This is actually not new -- it was discussed on BugTraq some 2 years ago.
What happens here is NTFS will increase the size of the MFT as needed to
store all file headers. A zero-lenght file will cause the same result -- all
available space will eventually be taken by the MFT.

The bad part of it is... there is no way for you to "downsize" the MFT. You
_will_ have to format the drive. This is a nice DoS...

----- Original Message -----
From: "Geo" <>
To: <>
Cc: <>
Sent: Monday, September 30, 2002 10:27
Subject: [Full-Disclosure] NTFS exploit

I've seen this mentioned before (on bugtraq I think) but I had never seen a
way to use it to hose a drive before.

To see Windows 2000 NTFS use up all free space in an unrecoverable manner.
(don't do this on a drive you can't afford to format)

Create a directory called "dead"

go into that directory and create a text file called dead.txt copy these
instructions into the text file before saving it. (just some text to take up
space should be under 1K in size)

Ok, now open my computer, right click on the disk drive you are using and
pick properties, pick tools, pick defragment and click on the analyze
button. Notice how much of the drive shows as green system files.

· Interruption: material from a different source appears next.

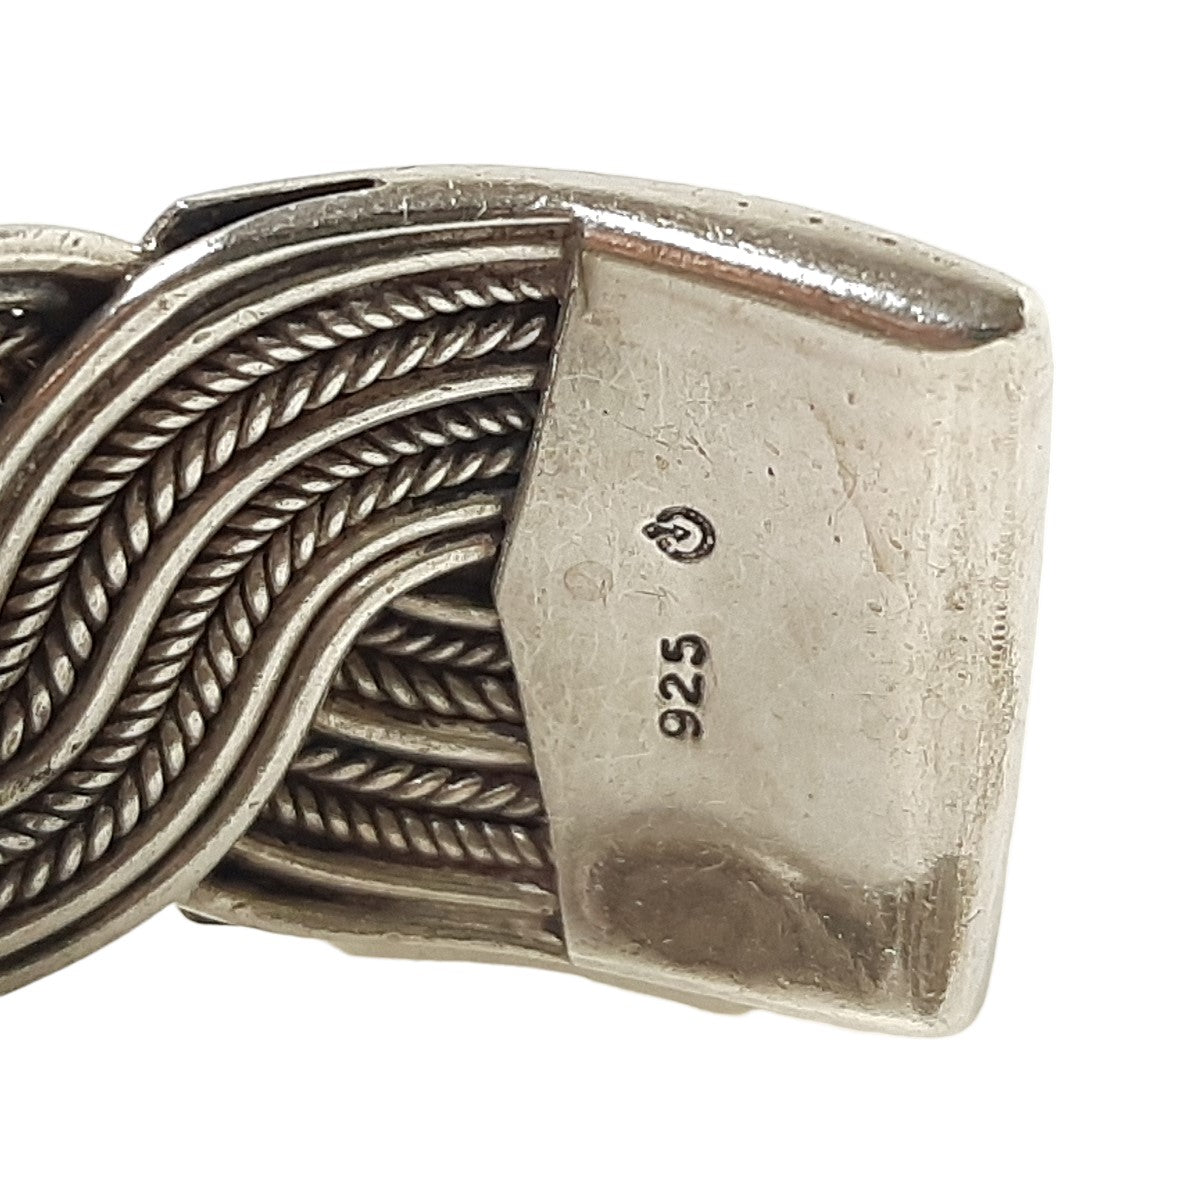 ヴィンテージ シルバー925 ブレイデッド バングル 53g / Vintage Sterling Silver Braided Cuff Bracelet

ok now from a command window log to the directory

cd /dead

and type this

FOR /L %1 in (1,1,2000000) copy dead.txt dead%1.txt

what this does is creates 2,000,000 copies of the dead.txt file. Now that
they are created go ahead and check again in the defragment/analyze window,
see all the green? Ok now in your command window making sure you are still
logged to /dead go ahead and delete all those files

cd /dead
delete *.txt

now check the defragment/analyze window again, no change right?

If you had created enough .txt files to use up all the free space on your
drive you would now not be able to save a large file to the drive.

The problem is that NTFS stores small files in the actual directory table
instead of as a separate data stream, it does this for efficiency. It also
never releases this space once it's been used.


Full-Disclosure - We believe in it.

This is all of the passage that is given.